Introduction
Retrieval-Augmented Generation (RAG) is a hybrid architecture that combines a retriever and a generator to improve the factual accuracy and relevance in responses of a language model. In this system, instead of generating responses purely from a model’s internal knowledge, a retriever first retrieves relevant documents or passages from an external knowledge base (such as a vector store or database) using similarity search and then this language model takes the retrieved context and the user query as input and generates a grounded, context-aware response.

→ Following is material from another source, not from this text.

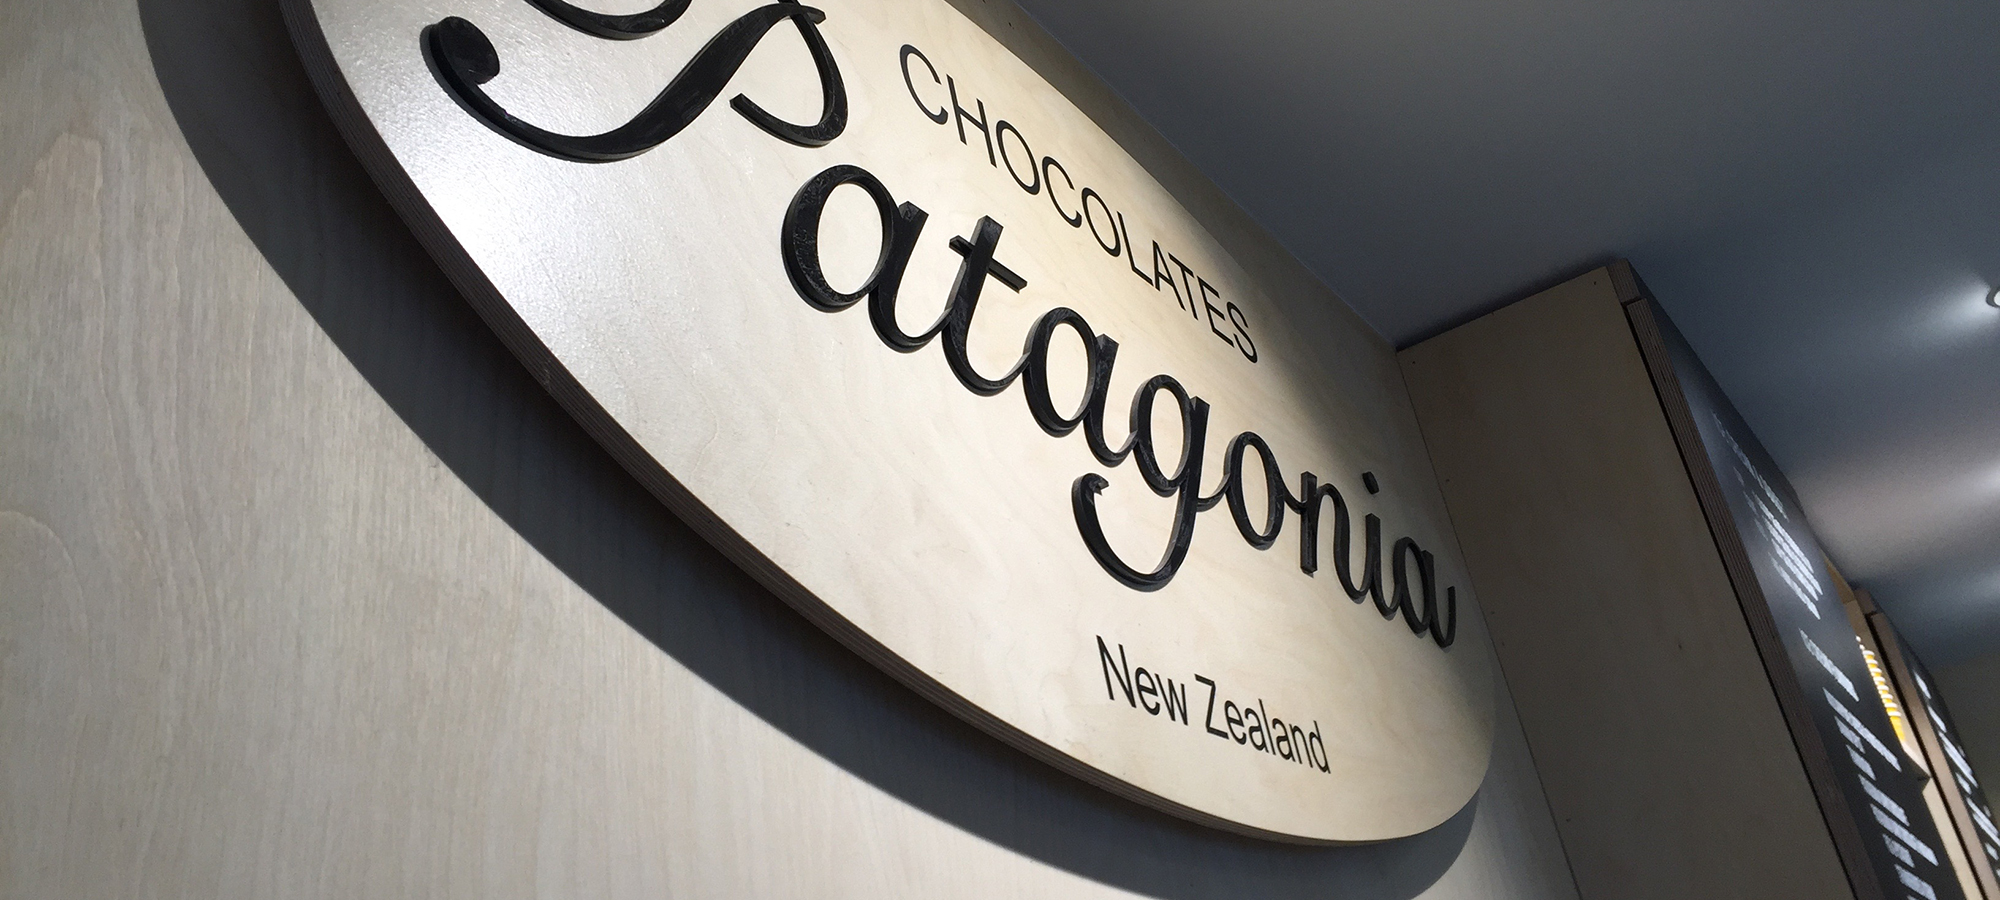 Patagonia Chocolates 3D

Although RAG systems are designed to generate grounded responses by incorporating external knowledge source, it still remains susceptible to generating hallucinated response. Hallucination in LLMs is when you generate content that sounds good but is factually incorrect or not supported by any source. In RAG, hallucination happens when the model generates unsupported or irrelevant information compared to retrieved context. These failures are increasingly appearing in production environments, leading to misinformation, reputational and financial damages.
This blog outlines a structured evaluation-driven methodology to diagnosing and mitigating hallucination in RAG pipeline using Future AGI. The resulting evaluation pipeline provides a reproducible and scalable framework for testing, comparing, and refining RAG systems to ensure factual consistency, improved reliability, and readiness for deployment in high-stakes applications.

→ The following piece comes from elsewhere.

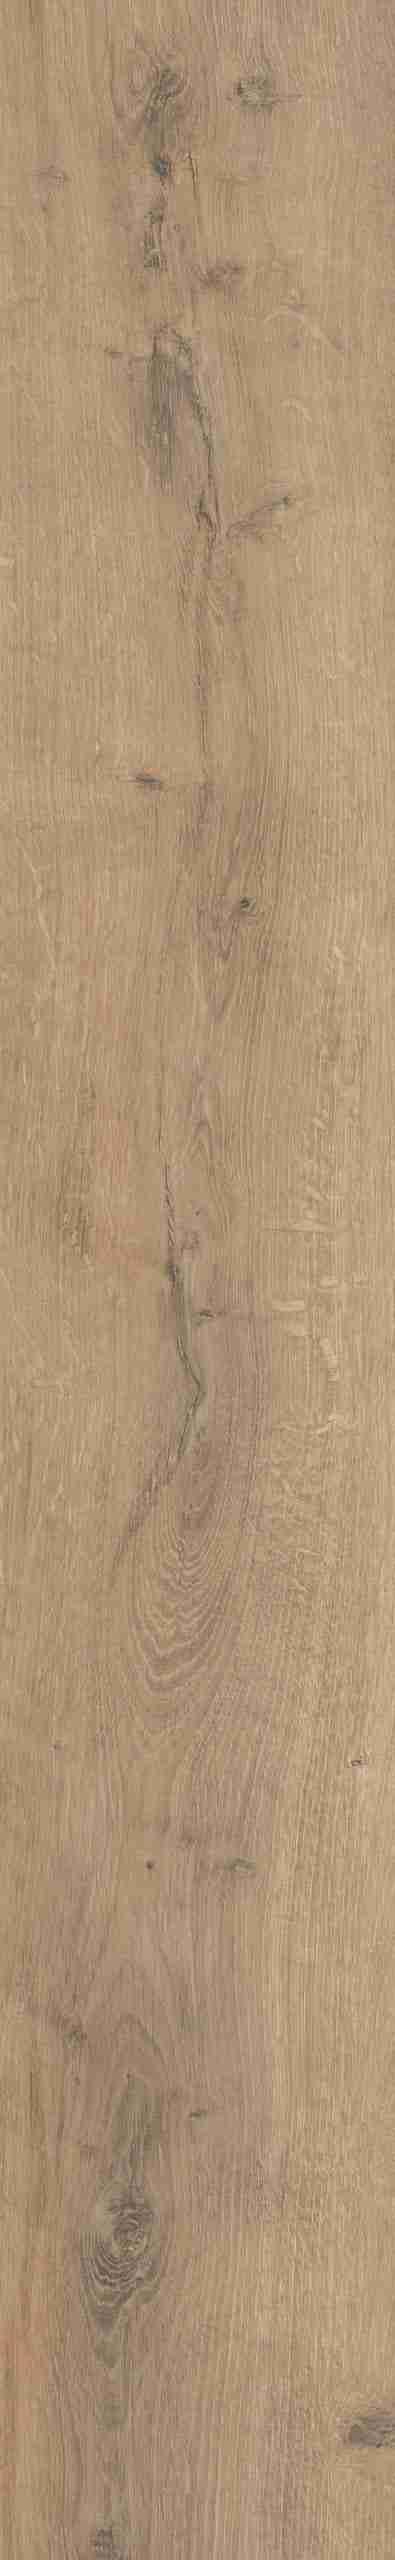 Continental oak lifestyle 2

Cost of Neglecting RAG Hallucinations
One of the most recent and high-profile case of AI hallucinating is the one where Cursor, one of the most famous AI-powered coding assistant IDE, hallucinated its company policy when a developer reached out to its AI-powered support agent to complaint about getting logged out if used in multiple devices. The support chatbot responded with an hallucinated company policy that Cursor account is supposed to be used in one device per subscription. Cursor’s co-founder Michael Truell himself had to step in to clarify that no such policy exist. Despite the swift response, the incident was a major embarrassment for a company selling AI tools. This shows that even an AI-focused firm can be burned by its own AI’s hallucinations [1].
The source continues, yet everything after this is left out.